Yujin Wang, Tianyi Wang, Quanfeng Liu et al.

Accurate short-horizon trajectory prediction is pivotal for safe and reliable autonomous driving, yet existing vision-language models (VLMs) often fail to effectively ground their reasoning in scene dynamics and domain knowledge. To address this challenge, this paper introduces KEPT, a knowledge-enhanced VLM framework that predicts ego trajectories directly from consecutive front-view driving frames. KEPT couples a temporal frequency-spatial fusion (TFSF) video encoder, trained via self-supervised learning with hard-negative mining, with a scalable k-means + HNSW retrieval stack that supplies scene-aligned exemplars. Retrieved priors are embedded into chain-of-thought (CoT) prompts with explicit planning constraints, while a triple-stage fine-tuning schedule incrementally aligns the language head to metric spatial cues, physically feasible motion, and temporally conditioned front-view planning. Evaluated on nuScenes dataset, KEPT achieves state-of-the-art performance across open-loop protocols: under NoAvg, it achieves 0.70m average L2 with a 0.21\% collision rate; under TemAvg with lightweight ego status, it attains 0.31m average L2 and a 0.07\% collision rate.

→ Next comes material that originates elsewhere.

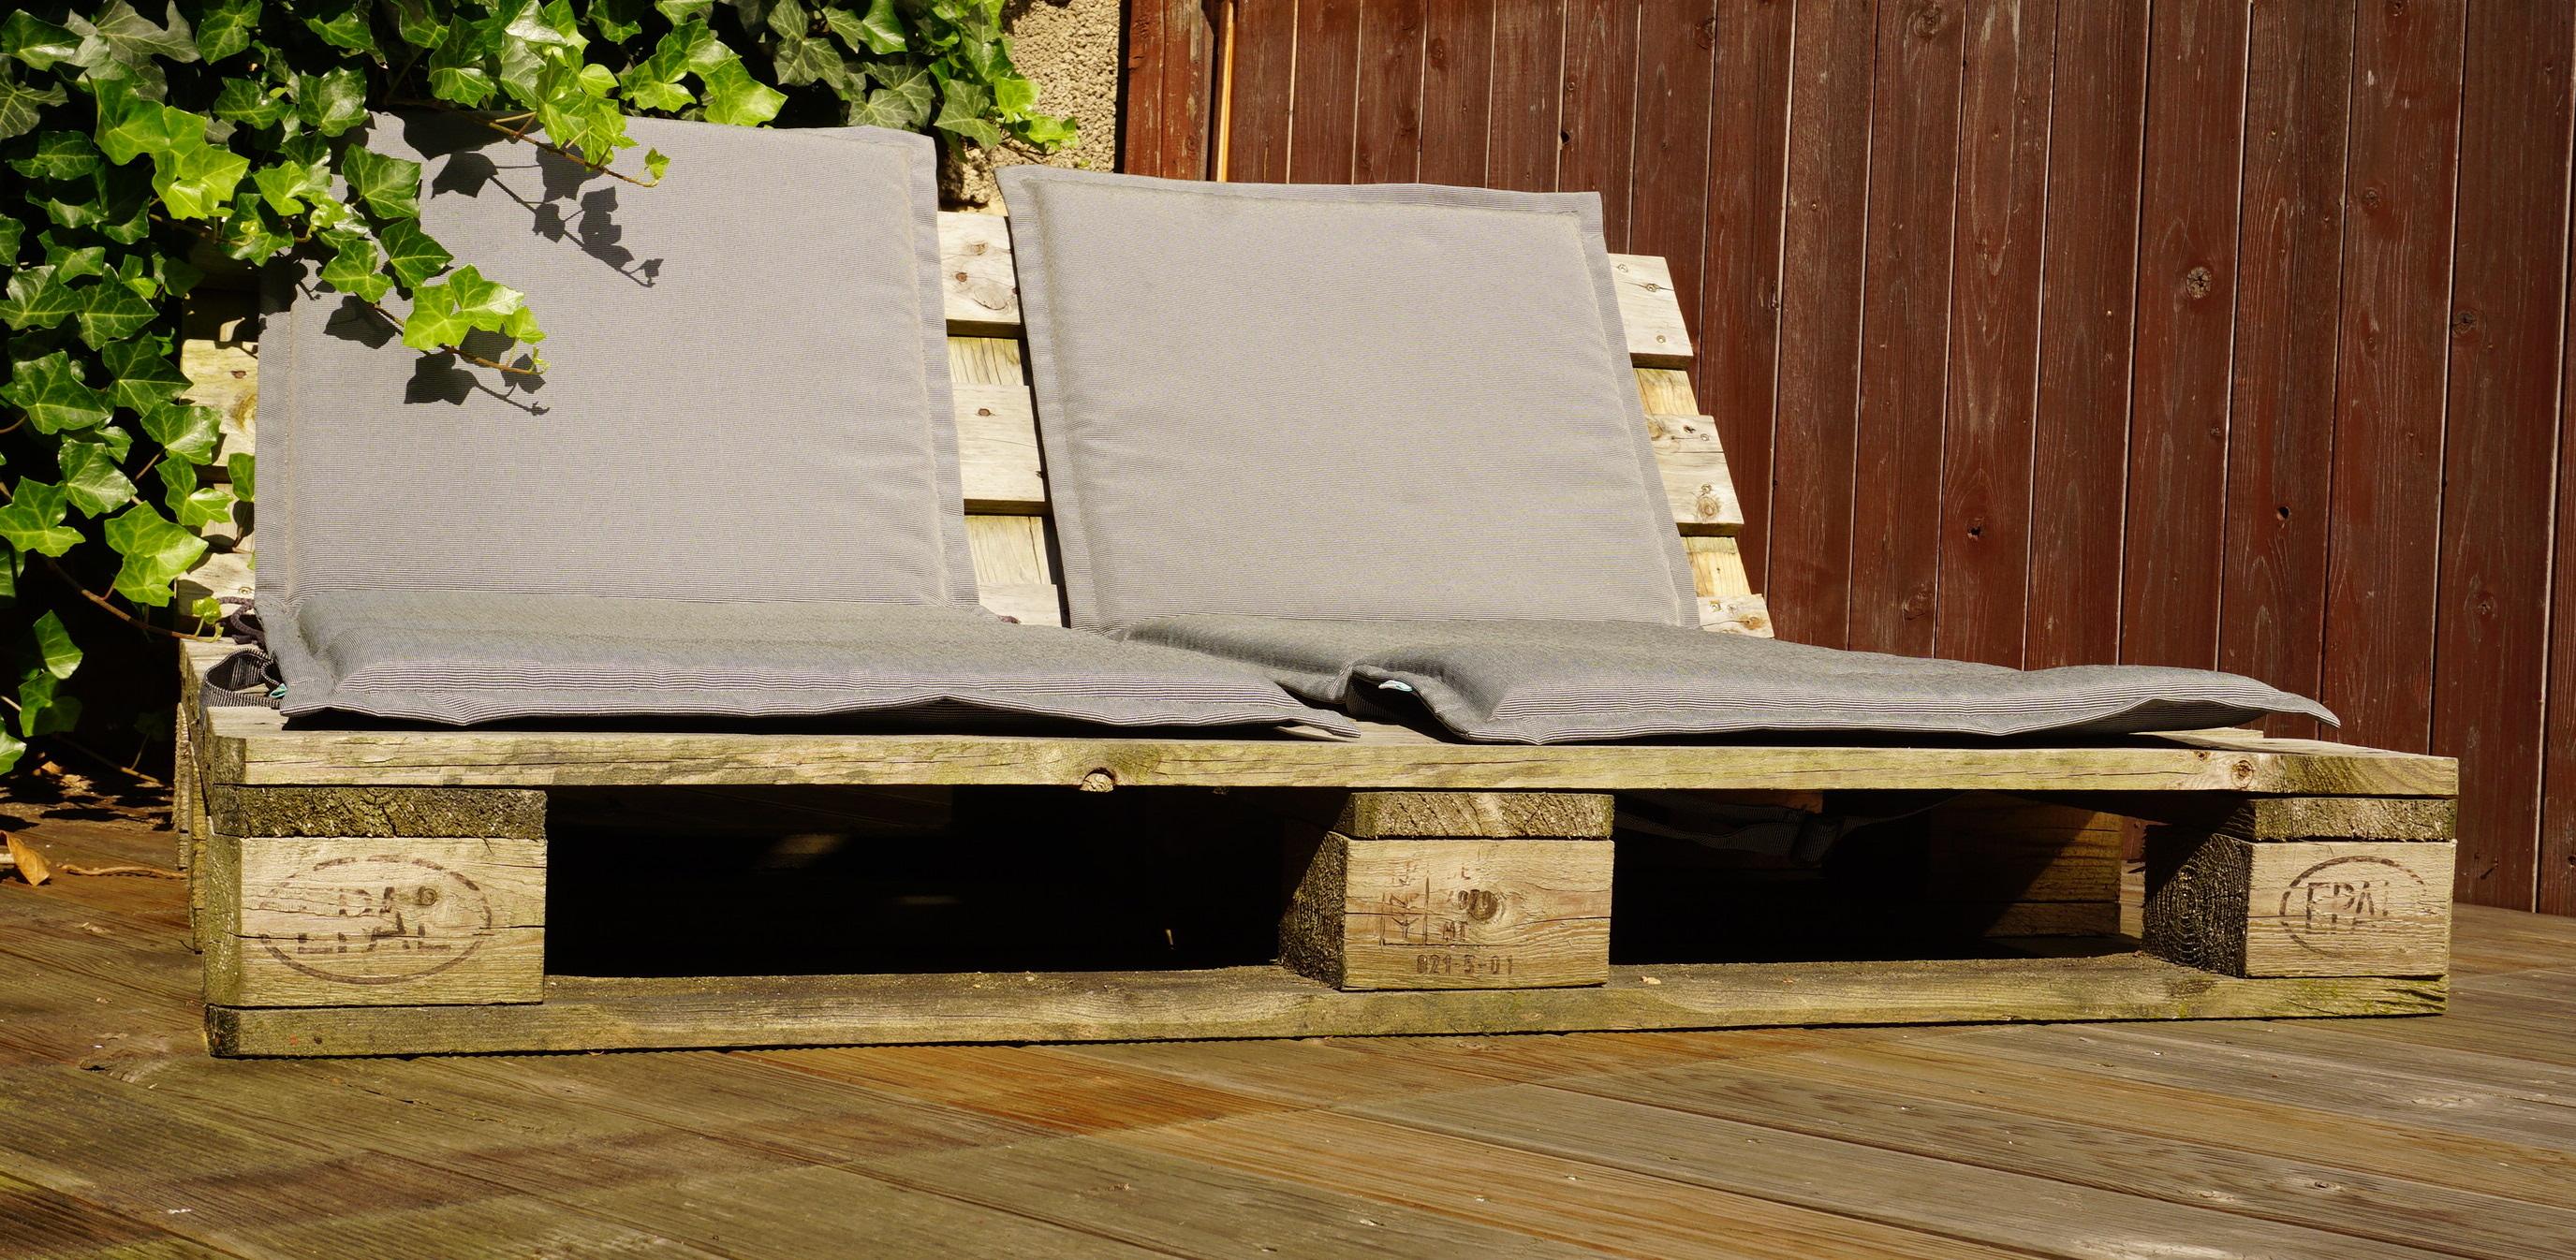 pallet lounge DIY

Ablation studies show that all three fine-tuning stages contribute complementary benefits, and that using Top-2 retrieved exemplars yields the best accuracy-safety trade-off. The k-means-clustered HNSW index delivers sub-millisecond retrieval latency, supporting practical deployment. These results indicate that retrieval-augmented, CoT-guided VLMs offer a promising, data-efficient pathway toward interpretable and trustworthy autonomous driving.